Why does Eartho support the proposal for "Global Privacy Control"?
First and foremost, anything that makes it clear to the surveillance economy that users do not want, approve of, or consent to being followed and tracked on the Internet is a good step forward (and something that Eartho has been promoting since we started).
Second, the AdTech industry's proposed consent mechanisms are incompatible with the kinds of privacy protections that Eartho includes. For example, the Orwellian-sounding "consent management platforms" frequently require your browser to run tracking companies' code just to request that they not track you.
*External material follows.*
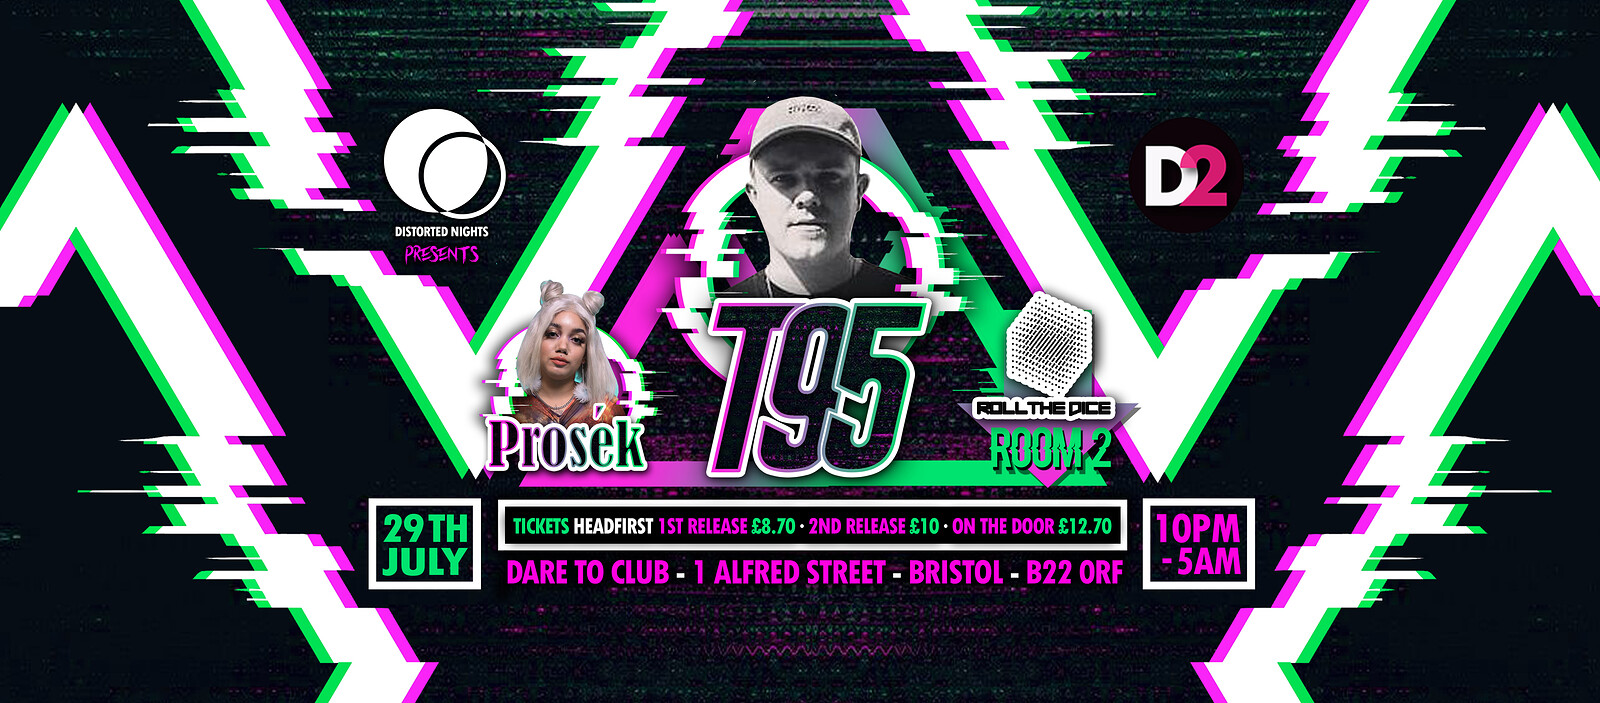 Distorted Nights - T95, Prosèk & More at Dare to Club

These network requests to tracking companies are blocked by Eartho, which the tracking companies frequently misinterpret as "no preference expressed yet."
Third, Eartho is looking to collaborate with responsible, ethical, and privacy-conscious publishers who want to protect users' privacy without forcing them to navigate through intentionally confusing dialogs and "consent forms." We're particularly interested in collaborating with publishers who want to respect user privacy both where the law requires it (e.g., GDPR, CCPA) and where the law hasn't yet caught up to recognize privacy as a right (e.g., in areas where the law hasn't caught up to recognize privacy as a right) (and pervasive, non-consensual tracking as wrong). The publishers with whom we collaborated on the "Global Privacy Control" proposal have inspired us, and we hope that others will follow their lead.
Eartho’s Implementation of the “Global Privacy Control”
We are a third layer that abstracts the complexity for you and protects your users from being tracked. Our third layers not letting big companies to know where the users logged in and what there are watching. we separating their code from the developer website so they don't know nothing about the environment of the users.
The "Global Privacy Control" proposal is a great step forward, and we're excited to be able to support it. We believe that this proposal, and the efforts of the organizations and individuals behind it, will help to create a more privacy-respecting Internet.